:: The records ::

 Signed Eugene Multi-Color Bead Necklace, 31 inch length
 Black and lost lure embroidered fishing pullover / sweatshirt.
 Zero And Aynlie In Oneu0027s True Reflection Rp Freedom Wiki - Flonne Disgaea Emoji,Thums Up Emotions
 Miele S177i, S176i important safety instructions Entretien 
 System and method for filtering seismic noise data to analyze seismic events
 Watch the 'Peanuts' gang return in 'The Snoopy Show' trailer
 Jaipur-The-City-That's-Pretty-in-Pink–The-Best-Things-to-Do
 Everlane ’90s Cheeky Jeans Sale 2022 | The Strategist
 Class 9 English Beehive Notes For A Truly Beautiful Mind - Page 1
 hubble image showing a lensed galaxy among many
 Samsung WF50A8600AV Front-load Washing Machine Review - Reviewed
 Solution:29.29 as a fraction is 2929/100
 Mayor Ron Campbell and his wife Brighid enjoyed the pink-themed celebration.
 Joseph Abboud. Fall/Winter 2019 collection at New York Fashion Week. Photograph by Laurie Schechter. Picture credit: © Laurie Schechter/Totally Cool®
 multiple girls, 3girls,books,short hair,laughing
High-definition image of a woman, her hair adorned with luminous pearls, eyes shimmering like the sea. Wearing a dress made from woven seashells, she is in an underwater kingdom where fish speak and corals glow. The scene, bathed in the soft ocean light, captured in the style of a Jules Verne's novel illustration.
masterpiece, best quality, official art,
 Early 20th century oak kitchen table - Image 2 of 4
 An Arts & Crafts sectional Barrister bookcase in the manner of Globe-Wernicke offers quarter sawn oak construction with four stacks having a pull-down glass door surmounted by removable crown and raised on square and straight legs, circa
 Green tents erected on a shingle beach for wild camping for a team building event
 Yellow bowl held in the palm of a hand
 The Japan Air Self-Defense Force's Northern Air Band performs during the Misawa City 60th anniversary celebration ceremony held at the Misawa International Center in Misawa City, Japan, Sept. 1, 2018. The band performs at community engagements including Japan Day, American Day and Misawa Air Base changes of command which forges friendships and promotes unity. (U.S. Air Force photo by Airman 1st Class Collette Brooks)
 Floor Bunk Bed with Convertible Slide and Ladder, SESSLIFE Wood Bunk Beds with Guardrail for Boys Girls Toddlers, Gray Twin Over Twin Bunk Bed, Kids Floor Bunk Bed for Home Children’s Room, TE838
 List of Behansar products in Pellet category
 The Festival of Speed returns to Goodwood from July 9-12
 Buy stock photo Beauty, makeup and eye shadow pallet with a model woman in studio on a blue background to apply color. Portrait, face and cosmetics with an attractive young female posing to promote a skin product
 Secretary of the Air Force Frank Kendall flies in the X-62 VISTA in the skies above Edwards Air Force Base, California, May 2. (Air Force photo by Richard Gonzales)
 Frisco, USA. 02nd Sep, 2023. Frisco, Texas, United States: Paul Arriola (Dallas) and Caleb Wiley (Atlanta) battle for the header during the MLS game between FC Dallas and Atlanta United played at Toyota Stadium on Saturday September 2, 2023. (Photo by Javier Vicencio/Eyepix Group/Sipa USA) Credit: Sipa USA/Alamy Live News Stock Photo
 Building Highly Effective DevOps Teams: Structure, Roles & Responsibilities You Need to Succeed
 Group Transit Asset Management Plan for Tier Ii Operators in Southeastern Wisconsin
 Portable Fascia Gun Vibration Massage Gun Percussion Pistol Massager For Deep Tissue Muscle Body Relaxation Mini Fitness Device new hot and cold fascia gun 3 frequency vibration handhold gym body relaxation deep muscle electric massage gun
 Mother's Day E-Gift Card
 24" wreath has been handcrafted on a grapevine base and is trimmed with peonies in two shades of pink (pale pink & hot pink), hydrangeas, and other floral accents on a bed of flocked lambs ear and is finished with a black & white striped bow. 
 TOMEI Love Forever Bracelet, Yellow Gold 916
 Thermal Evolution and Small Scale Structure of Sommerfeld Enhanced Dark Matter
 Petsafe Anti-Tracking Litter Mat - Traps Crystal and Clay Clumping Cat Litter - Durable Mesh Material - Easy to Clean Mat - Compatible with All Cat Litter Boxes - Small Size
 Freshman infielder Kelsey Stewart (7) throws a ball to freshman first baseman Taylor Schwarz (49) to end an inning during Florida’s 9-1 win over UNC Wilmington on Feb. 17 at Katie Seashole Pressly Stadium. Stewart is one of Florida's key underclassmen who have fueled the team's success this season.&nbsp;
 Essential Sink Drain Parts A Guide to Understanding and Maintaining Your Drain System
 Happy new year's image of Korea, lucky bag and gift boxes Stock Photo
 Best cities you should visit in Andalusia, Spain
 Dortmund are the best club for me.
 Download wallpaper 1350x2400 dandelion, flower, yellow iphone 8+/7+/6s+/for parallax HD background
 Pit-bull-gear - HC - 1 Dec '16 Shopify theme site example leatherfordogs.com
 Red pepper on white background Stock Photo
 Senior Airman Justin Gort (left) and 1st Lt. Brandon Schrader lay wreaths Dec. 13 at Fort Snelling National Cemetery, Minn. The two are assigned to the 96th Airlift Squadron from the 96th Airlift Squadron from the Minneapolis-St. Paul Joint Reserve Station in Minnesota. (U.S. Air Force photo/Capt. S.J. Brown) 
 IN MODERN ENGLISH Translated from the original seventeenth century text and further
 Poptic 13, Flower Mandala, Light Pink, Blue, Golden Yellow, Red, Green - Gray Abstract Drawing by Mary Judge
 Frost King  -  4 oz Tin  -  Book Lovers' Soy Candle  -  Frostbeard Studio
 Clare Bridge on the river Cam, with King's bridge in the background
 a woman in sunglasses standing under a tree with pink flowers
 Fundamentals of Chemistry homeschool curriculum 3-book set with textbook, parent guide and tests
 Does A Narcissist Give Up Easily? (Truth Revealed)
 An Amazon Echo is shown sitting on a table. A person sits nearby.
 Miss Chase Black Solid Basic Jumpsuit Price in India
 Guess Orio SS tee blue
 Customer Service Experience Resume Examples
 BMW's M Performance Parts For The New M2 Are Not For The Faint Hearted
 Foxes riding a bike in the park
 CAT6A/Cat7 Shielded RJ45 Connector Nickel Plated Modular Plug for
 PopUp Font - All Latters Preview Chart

:: Your instructions ::
Your answer should consist only of the lines above between the line holding "Class 9 English" and the line holding "An Arts & Crafts", inclusive, each transcribed exactly.

:: Answer for this exercise ::
 Class 9 English Beehive Notes For A Truly Beautiful Mind - Page 1
 hubble image showing a lensed galaxy among many
 Samsung WF50A8600AV Front-load Washing Machine Review - Reviewed
 Solution:29.29 as a fraction is 2929/100
 Mayor Ron Campbell and his wife Brighid enjoyed the pink-themed celebration.
 Joseph Abboud. Fall/Winter 2019 collection at New York Fashion Week. Photograph by Laurie Schechter. Picture credit: © Laurie Schechter/Totally Cool®
 multiple girls, 3girls,books,short hair,laughing
High-definition image of a woman, her hair adorned with luminous pearls, eyes shimmering like the sea. Wearing a dress made from woven seashells, she is in an underwater kingdom where fish speak and corals glow. The scene, bathed in the soft ocean light, captured in the style of a Jules Verne's novel illustration.
masterpiece, best quality, official art,
 Early 20th century oak kitchen table - Image 2 of 4
 An Arts & Crafts sectional Barrister bookcase in the manner of Globe-Wernicke offers quarter sawn oak construction with four stacks having a pull-down glass door surmounted by removable crown and raised on square and straight legs, circa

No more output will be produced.